Query Help Needed

  • I've one scenario:

    create table dbo.T_Master(StudentId int, StudentName varchar(50), StudentAge int)

    go

    create table dbo.T_Detail(StudentId int, ColX varchar(20), ColY varchar(20), Subject varchar(20), Marks int)

    go

    Then I populated the data like this:

    insert into dbo.T_Master select 1001, 'James', 14

    insert into dbo.T_Master select 1002, 'Raghav', 15

    insert into dbo.T_Master select 1003, 'Maxx', 14

    insert into dbo.T_Master select 1004, 'Aaron', 14

    insert into dbo.T_Master select 1005, 'Jamie', 15

    insert into dbo.T_Detail select 1001, 'ColXdata A', 'ColYdata A', 'English', 60

    insert into dbo.T_Detail select 1001, 'ColXdata A', 'ColYdata A', 'Maths', 80

    insert into dbo.T_Detail select 1001, 'ColXdata A', 'ColYdata A', 'Science', 45

    insert into dbo.T_Detail select 1002, 'ColXdata B', 'ColYdata B', 'English', 65

    insert into dbo.T_Detail select 1002, 'ColXdata B', 'ColYdata B', 'Maths', 75

    insert into dbo.T_Detail select 1002, 'ColXdata B', 'ColYdata B', 'Science', 60

    insert into dbo.T_Detail select 1003, 'ColXdata C', 'ColYdata C', 'English', 55

    insert into dbo.T_Detail select 1003, 'ColXdata C', 'ColYdata C', 'Maths', 90

    insert into dbo.T_Detail select 1003, 'ColXdata C', 'ColYdata C', 'Science', 65

    insert into dbo.T_Detail select 1004, 'ColXdata D', 'ColYdata D', 'English', 70

    insert into dbo.T_Detail select 1004, 'ColXdata D', 'ColYdata D', 'Maths', 60

    insert into dbo.T_Detail select 1004, 'ColXdata D', 'ColYdata D', 'Science', 60

    insert into dbo.T_Detail select 1005, 'ColXdata E', 'ColYdata E', 'English', 75

    insert into dbo.T_Detail select 1005, 'ColXdata E', 'ColYdata E', 'Maths', 55

    insert into dbo.T_Detail select 1005, 'ColXdata E', 'ColYdata E', 'Science', 80

    Now I want to have the data by joining above two tables like this:

    A.StudentIdA.StudentNameA.StudentAgeB.ColXB.ColYSubject1Marks1Subject2Marks2Subject3Marks3

    1001James14ColXdata AColYdata AEnglish60Maths80Science45

    I am trying but not getting success. Also please consider that this is a parallel demo scenario created for student scenario. In actual, both the tables contain huge number of records (in millions).

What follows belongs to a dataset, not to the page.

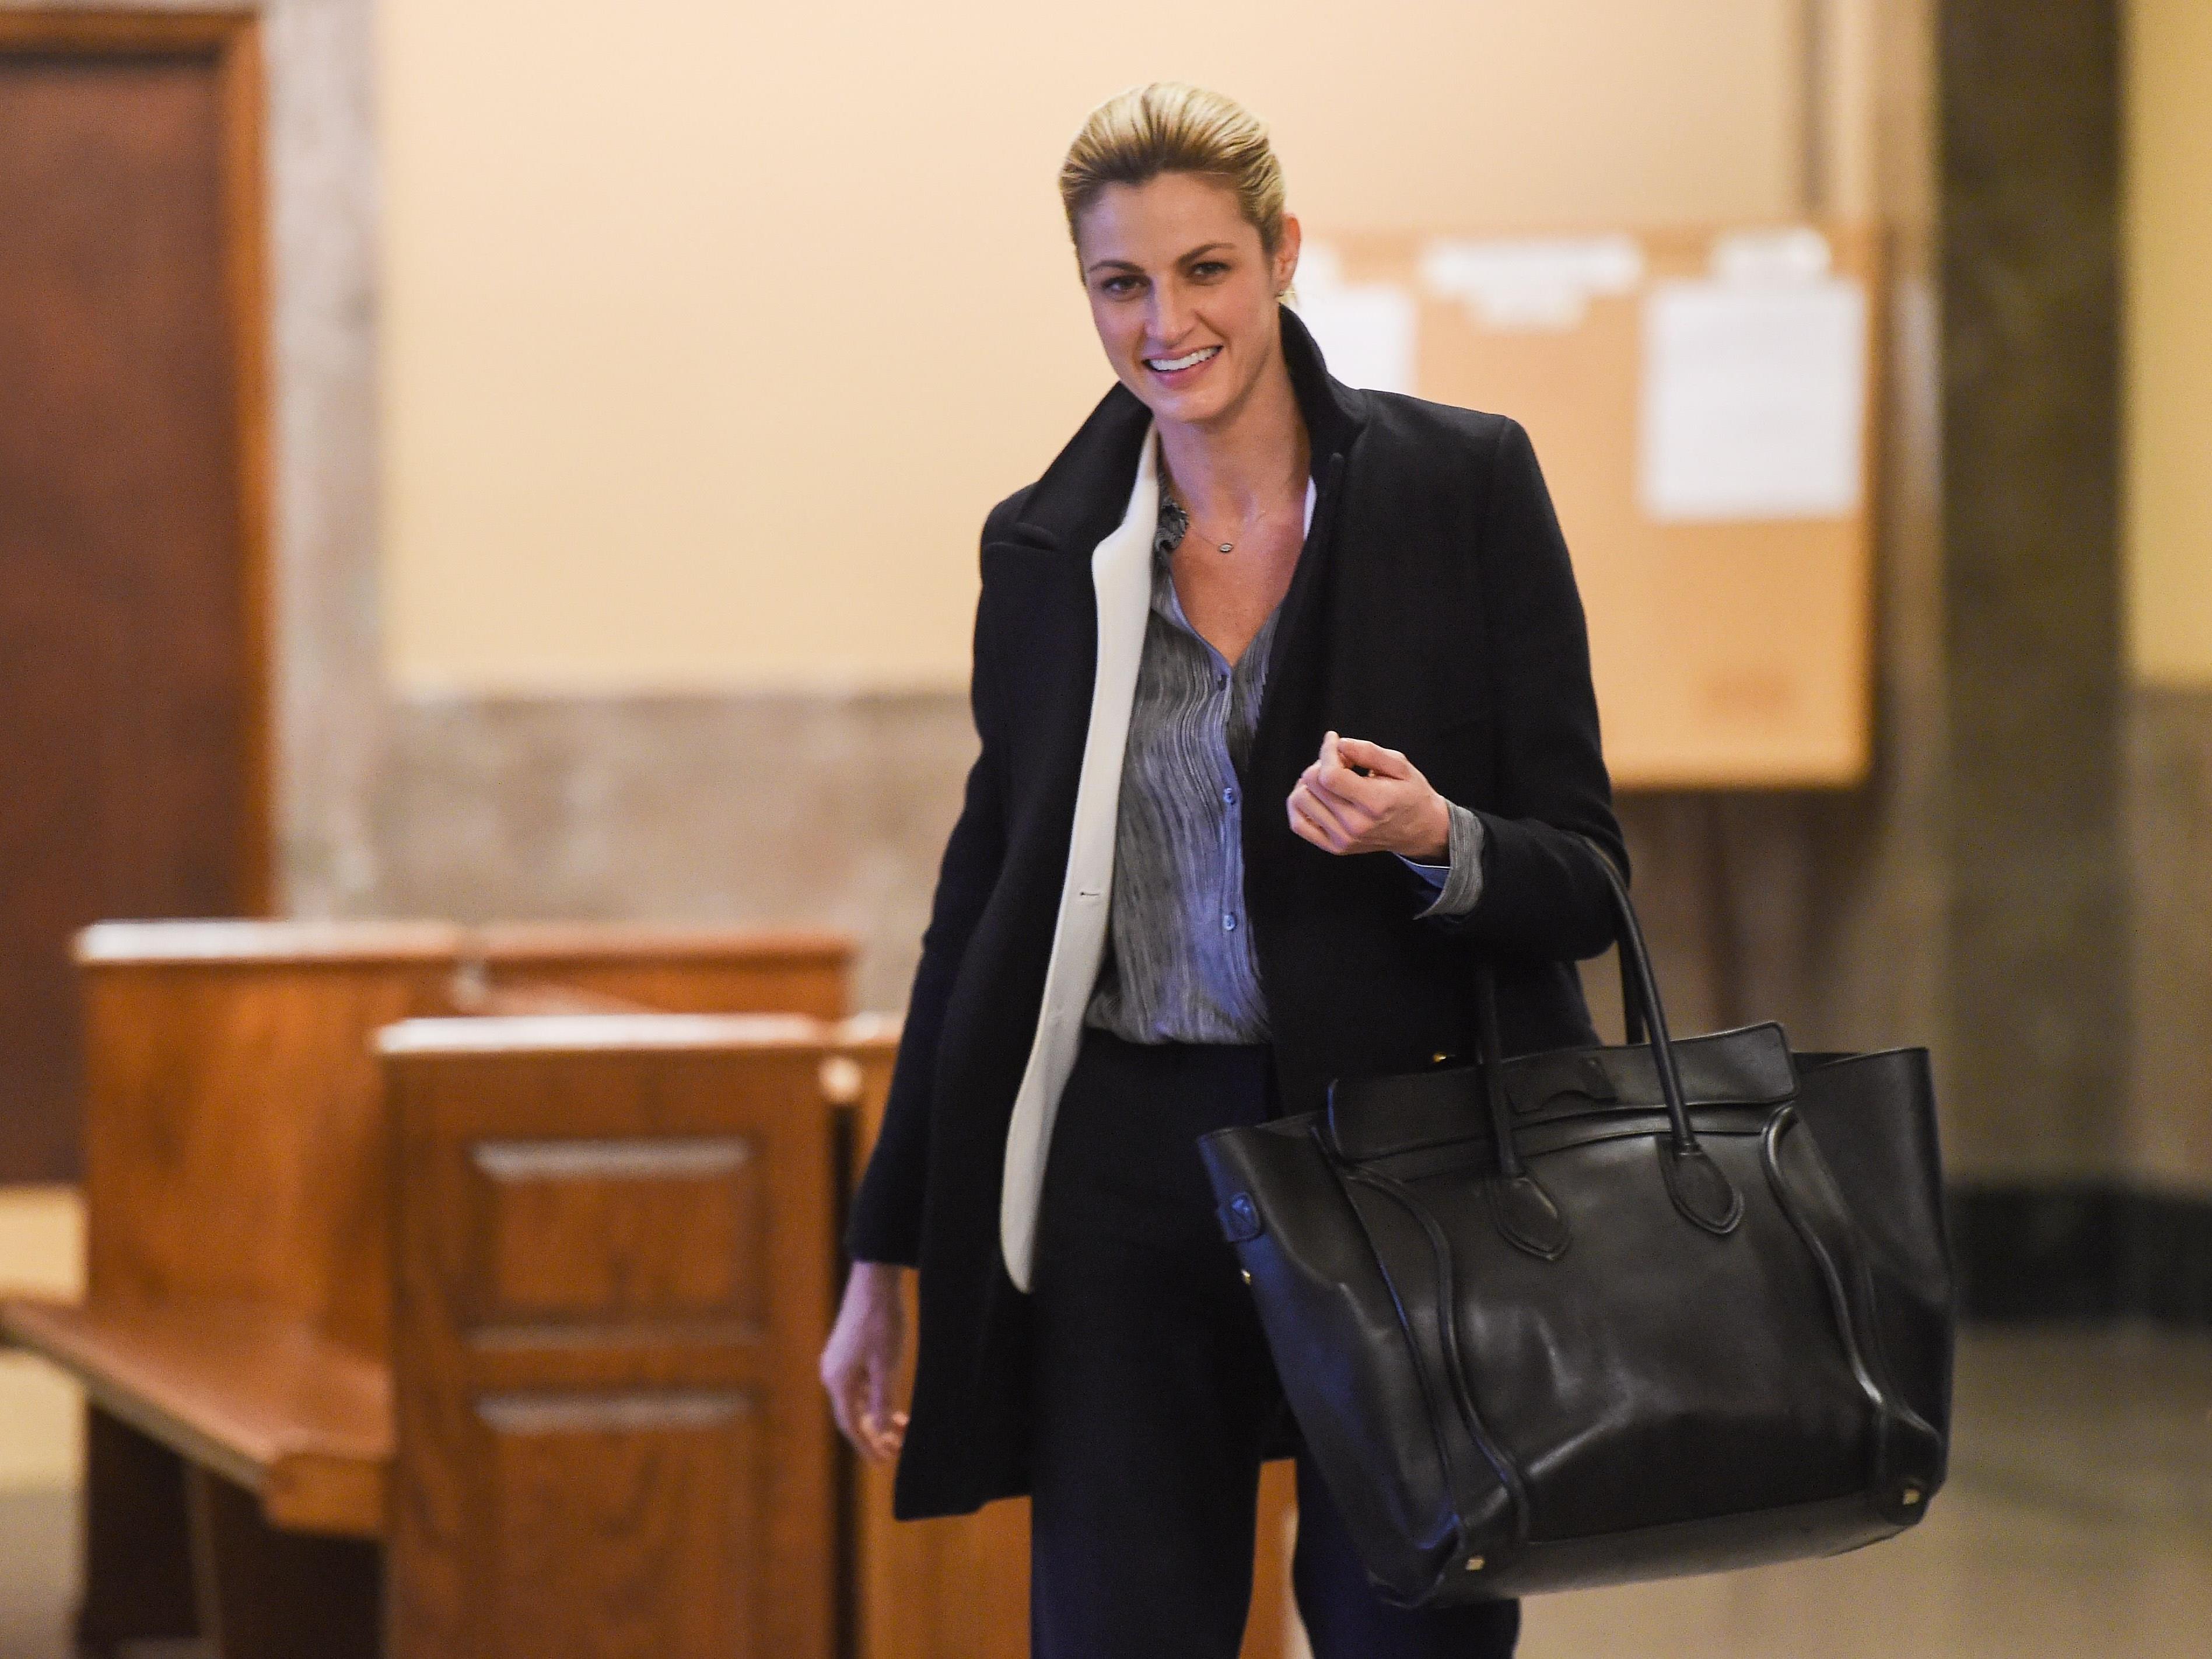 Erin Andrews wurde für das Nacktvideo 55 Mio. Dollar zugesprochen.

  • Thanks for the ddl and sample data!!! What you are describing is a cross tab or pivot table. I generally use the cross tab approach because I find the syntax easier to read and the performance is more consistent. There are two different types of cross tabs. There is the static cross tab which you use when you know how many sets you have. The other is the dynamic cross tab which you use when you don't know how many sets you have.

    I put together one version of doing this with a static cross tab.

    with SortedData as

    (

    select m.StudentId, m.StudentName, m.StudentAge, d.ColX, d.ColY, d.Subject, d.Marks, ROW_NUMBER() over(partition by m.StudentID order by d.Subject) as RowNum

    from dbo.T_Master m

    join dbo.T_Detail d on m.StudentID = d.StudentId

    )

    select StudentId, StudentName, StudentAge,

    MAX(case when RowNum = 1 then Subject end) as Subject1,

    MAX(case when RowNum = 1 then Marks end) as Marks1,

    MAX(case when RowNum = 2 then Subject end) as Subject2,

    MAX(case when RowNum = 2 then Marks end) as Marks2,

    MAX(case when RowNum = 3 then Subject end) as Subject3,

    MAX(case when RowNum = 3 then Marks end) as Marks3

    from SortedData s

    group by StudentId, StudentName, StudentAge

    If you need the dynamic version I will leave that one up to you to start working on. You can read more about both types of cross tabs by following the links in my signature.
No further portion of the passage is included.